It may be well, before leaving the subject, to meet the important criticism of the geographical principle by Fustel de Coulanges (La Cité antique, liv. iii, ch. xiv, p. 238, édit. 1880). Noting that the incurable division of the Greeks has been attributed to the nature of their land, and that it has been said that the intersecting mountains established lines of natural demarcation among men, he goes on to argue: "But there are no mountains between Thebes and Platæa, between Argos and Sparta, between Sybaris and Crotona. There were none between the towns of Latium, or between the twelve cities of Etruria. Physical nature has doubtless some influence on the history of peoples, but the beliefs of men have a much greater. Between two neighbouring cities there was something more impassable than a mountain—to wit, the series of sacred limits, the difference of cults, the barrier which each city set up between the stranger and its Gods."
All this, so far as it goes, is substantially true, but it does not at all conflict with the principle as above set forth. Certainly all cities, like all tribes, were primarily separatist; though even in religious matters there was some measure of early peaceful inter-influence, and a certain tendency to syncresis as well as to separateness. (Cp. K.O. Müller, Dorians, Eng. tr. i, 228.) But the principle is not special to the cities of Greece. Cities and tribes were primarily separatist in Babylonia and in Egypt. How, then, were these regions nevertheless monarchised at an early period? Clearly by reason of the greater invitingness and feasibility of conquest in such territories—for their unification was forcible. The conditions had thus both an objective and a subjective, a suggestive and a permissive force, both lacking in Greece. Again, the twelve cities of Etruria formed a league. If they did so more readily and effectually than the Greeks, is not the level character of their territory, which made them collectively open to attack, and facilitated intercourse, one of the obviously probable causes? No doubt the close presence of hostile and alien races was a further unifying force which did not arise in Greece. Etruria, finally, like Latium, was unified by conquest; the question is, Why was not Greece? There is no answer save one—that in the pre-Alexandrian period no Greek State had acquired the military and administrative skill and resources needed to conquer and hold such a divided territory. Certainly the conditions conserved the ideal of separateness and non-aggression or non-assimilation, so that cities which had easy access to each other respected each other's ideal. But here again it was known that an attempt at conquest would probably lead to alliances between the attacked State and others; and the physical conditions prevented any State save Macedonia from becoming overwhelmingly strong. To these conditions, then, we always return, not as to sole causes, but as to determinants.

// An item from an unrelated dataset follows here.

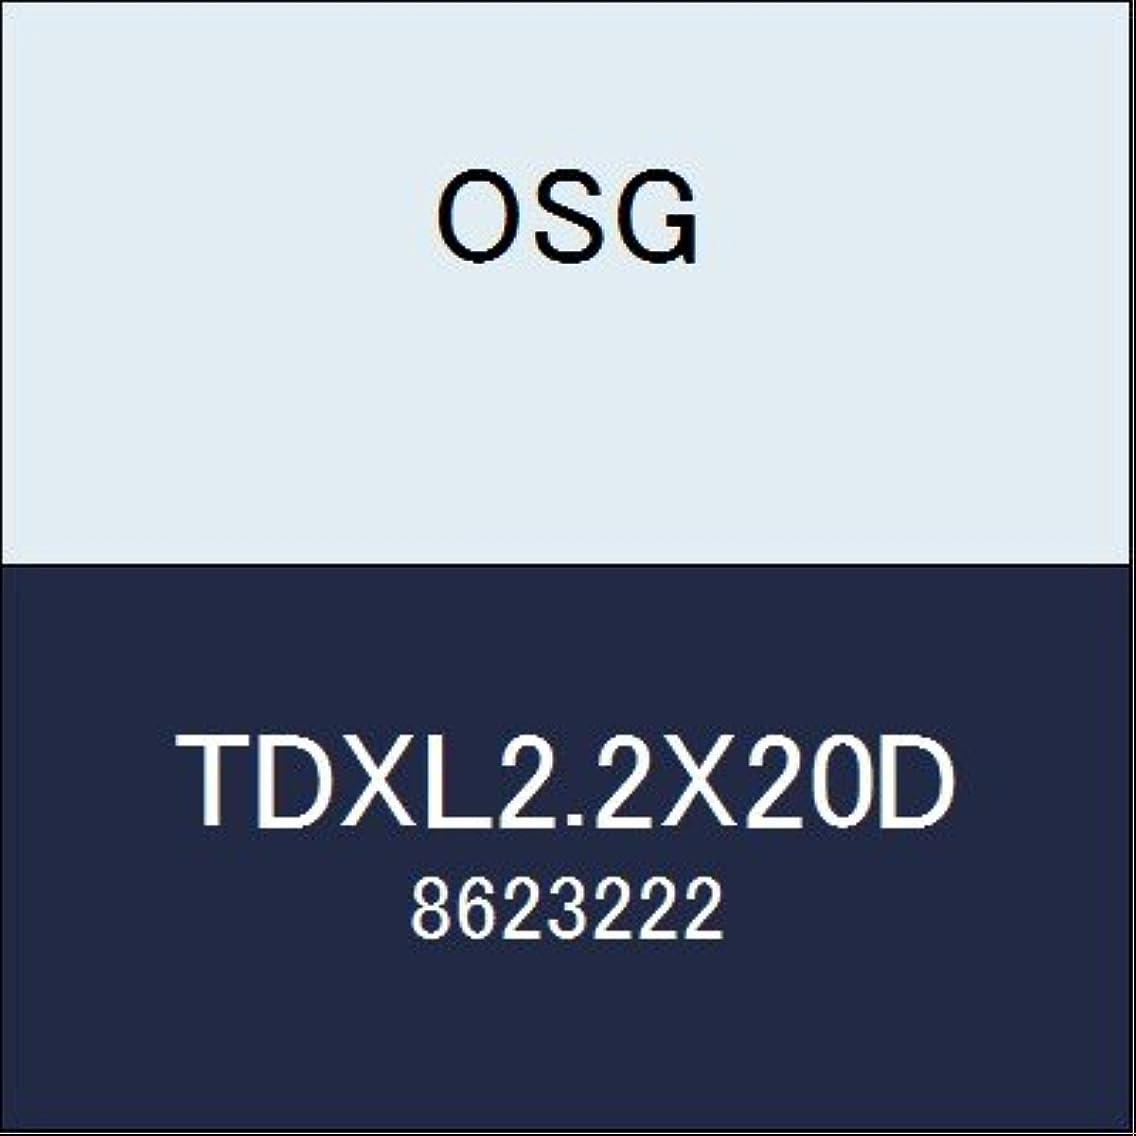 手がかり白い肥料OSG スラスタードリル TDXL2.2X20D 商品番号 8623222

(d) In Egypt, again, culture was never deeply disseminated, and before Alexander was hardly at all fecundated by outside contact. In Greece there was always the great uncultured slave substratum; and the arrest of freedom, to say nothing of social ignorance, female subjection, and sexual perversion, ultimately kept vital culture stationary. In Rome, militarism and the multiplication of the slave class, along with the deletion of the independent and industrious middle class, made progressive culture impossible, as surely as it broke down self-government. In all cases alike, over-population, not being met by science, either bred poverty or was obviated by crime and vice.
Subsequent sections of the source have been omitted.